We have a trade through RCI into a 1 bedroom unit at a WorldMark resort.  When we check-in, if a 2 bedroom unit is available, can we upgrade to the 2 bedroom unit if we pay a fee?

TIA


----------



## ronparise (Mar 16, 2012)

Id call the resort in question and ask them

You may get your answer here, but there is a Worldmark owners forum 

http://www.wmowners.com

you may get your answer quicker there.


----------



## cotraveller (Mar 16, 2012)

rwpeterson said:


> We have a trade through RCI into a 1 bedroom unit at a WorldMark resort.  When we check-in, if a 2 bedroom unit is available, can we upgrade to the 2 bedroom unit if we pay a fee?
> 
> TIA



In general, the answer is no.  Reservations can only be made or changed through the WorldMark Vacation Planning Center.  It never hurts to ask when you arrive though.  Exceptions may happen.


----------



## sue1947 (Mar 16, 2012)

What resort and when?  If it's a popular one, no chance.  If there is lots of availability; maybe but chances are very very slim; I've never heard of this happening.  When the front desk gets these types of questions, they will refer you to the vacation planning center phone number.  

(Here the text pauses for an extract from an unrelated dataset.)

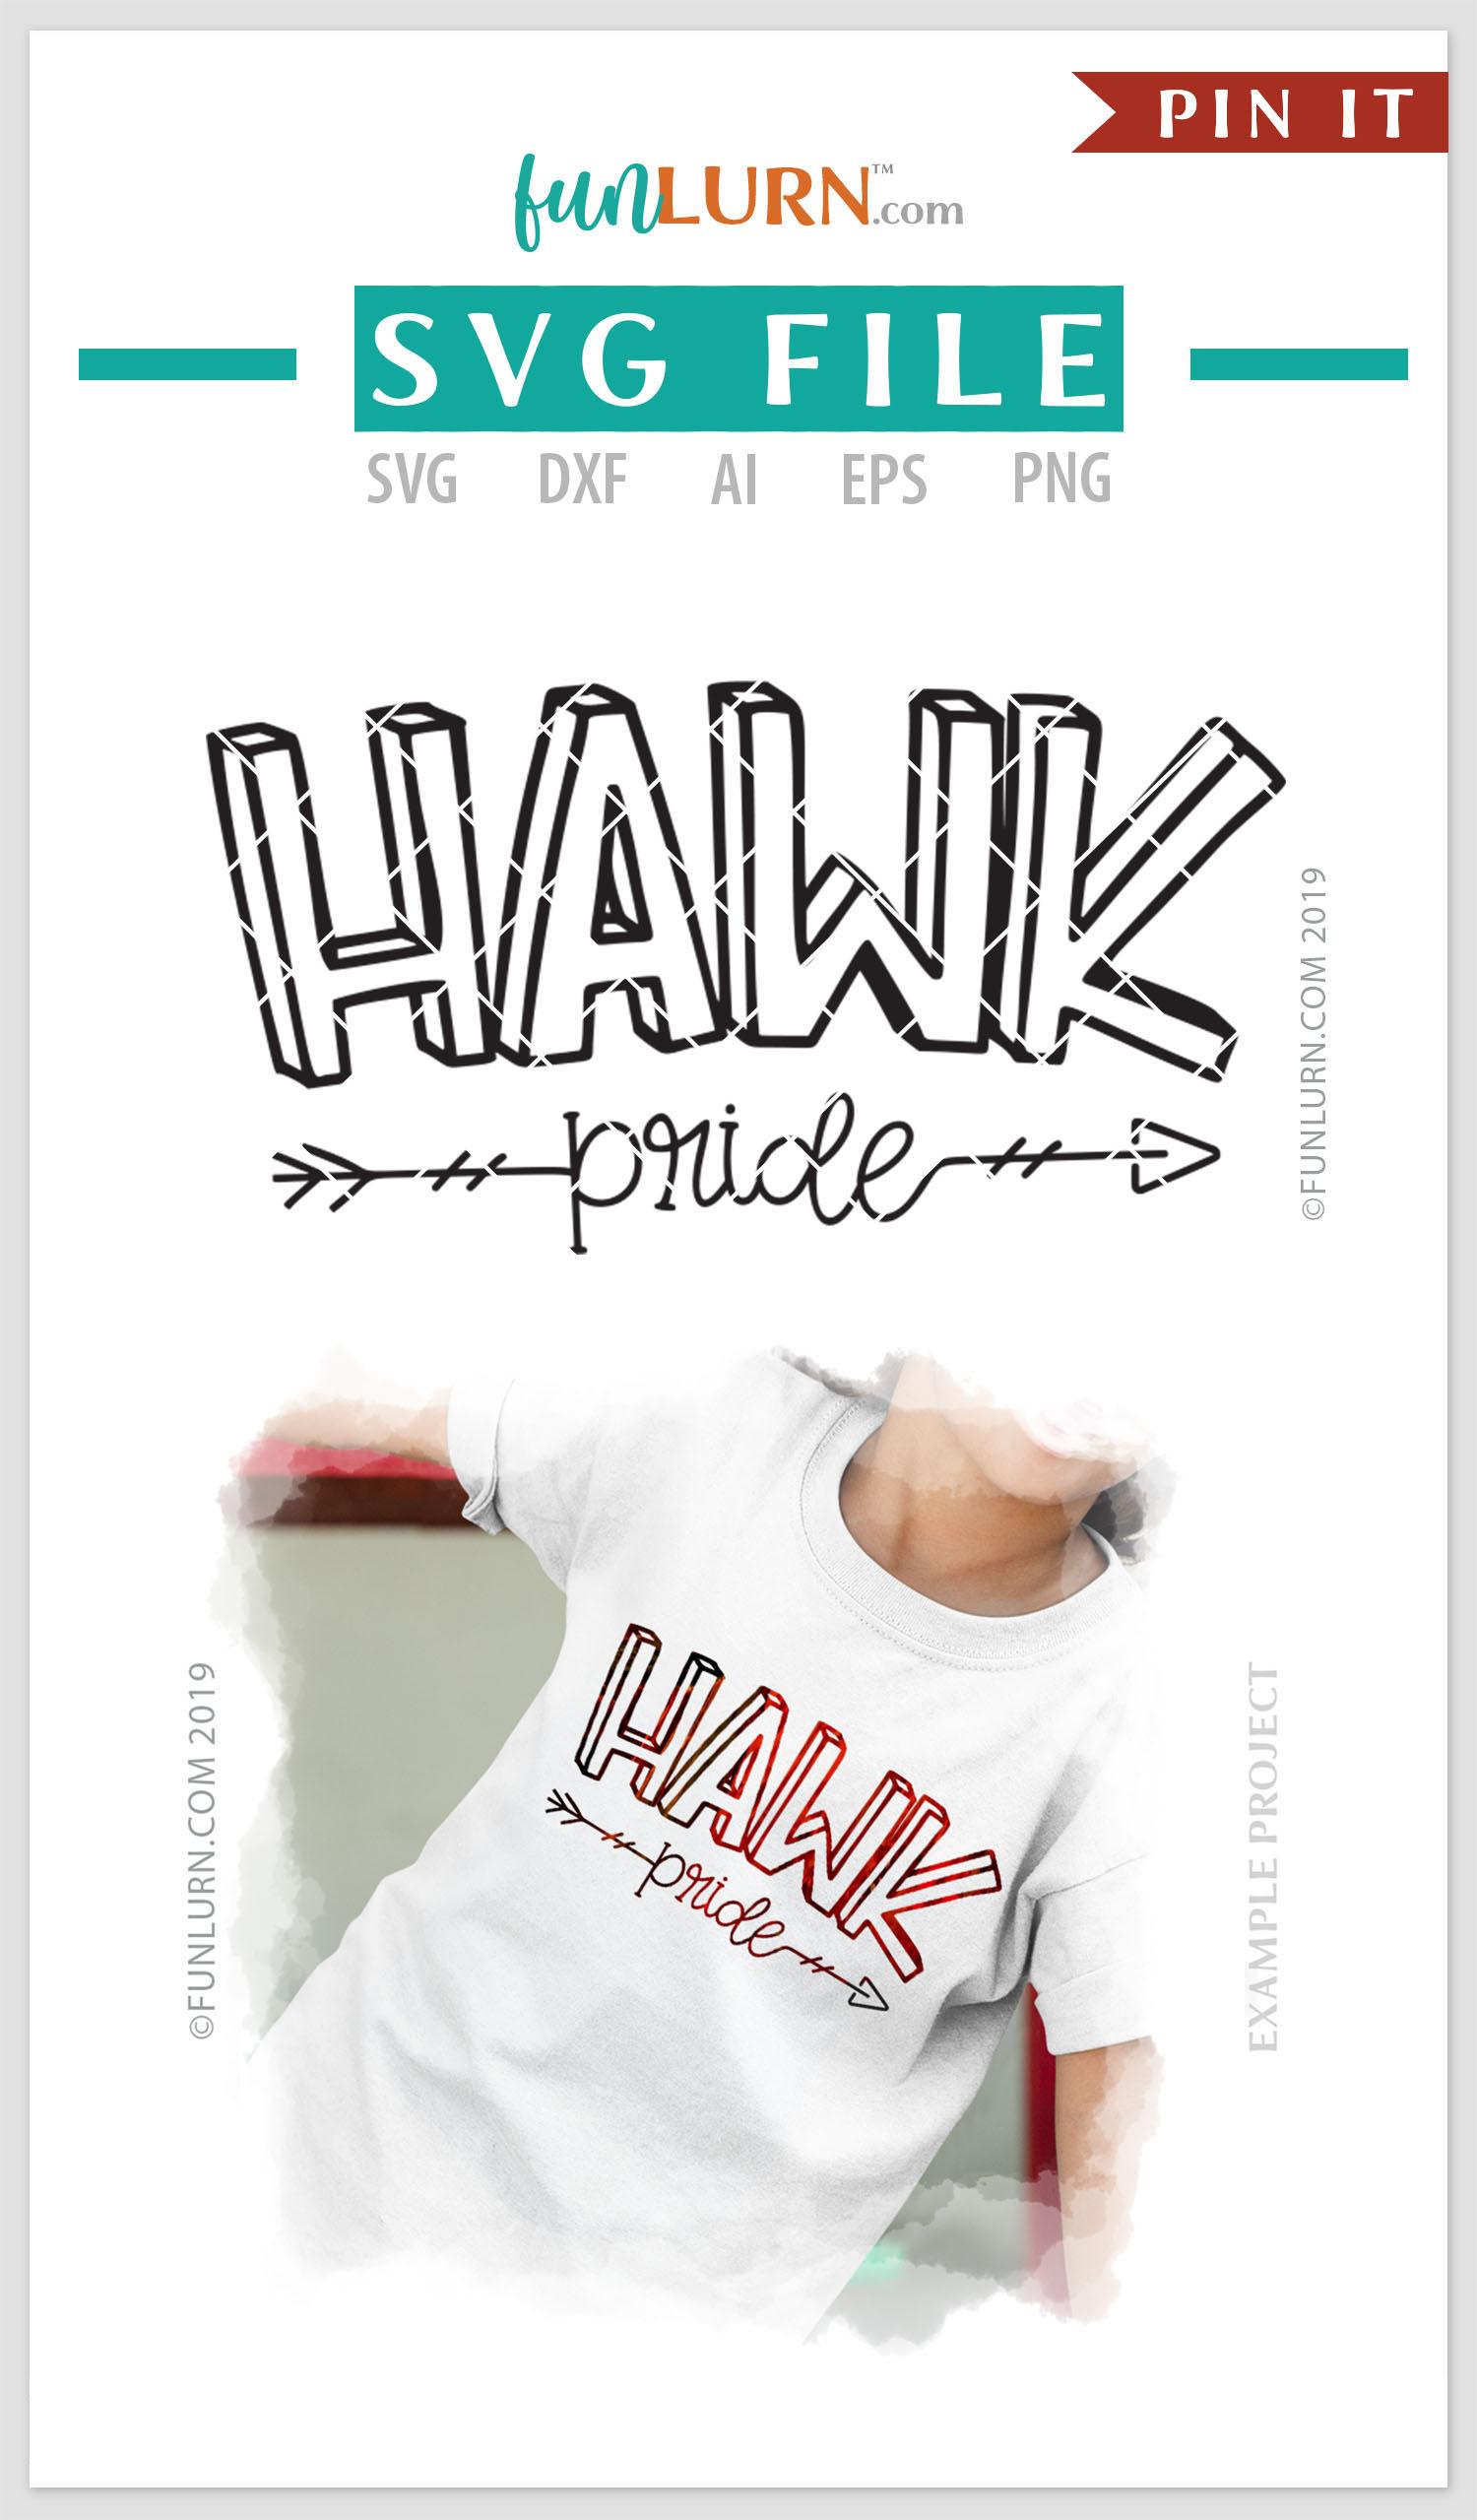 Hawk Pride Team SVG Cut File example image 4

Wyndham is the developer/manager and lost a court case that resulted in them taking back some units in some resorts.  These will likely be up for rental.  Any upgrade via an exchange will likely come from this pool with an extra fee attached.

Sue


----------



## LLW (Mar 17, 2012)

rwpeterson said:


> We have a trade through RCI into a 1 bedroom unit at a WorldMark resort.  When we check-in, if a 2 bedroom unit is available, can we upgrade to the 2 bedroom unit if we pay a fee?
> 
> TIA



I don't think they have any upgrading for a fee program. Generally, trading inventory is separate from other inventory. There are often specific units reserved for exchangers only. And the front desk does not have the power to change reservations, other than in an emergency situation, and only when the reservation center is not open. It is very centrally controlled. It has to be for such a big system with so many resorts (over 70), and check-ins and check-outs on any day of the week, with unit assignments by the computer. When owners want to make changes, they will have you talk to headquarters on the phone.

What resort and dates?


----------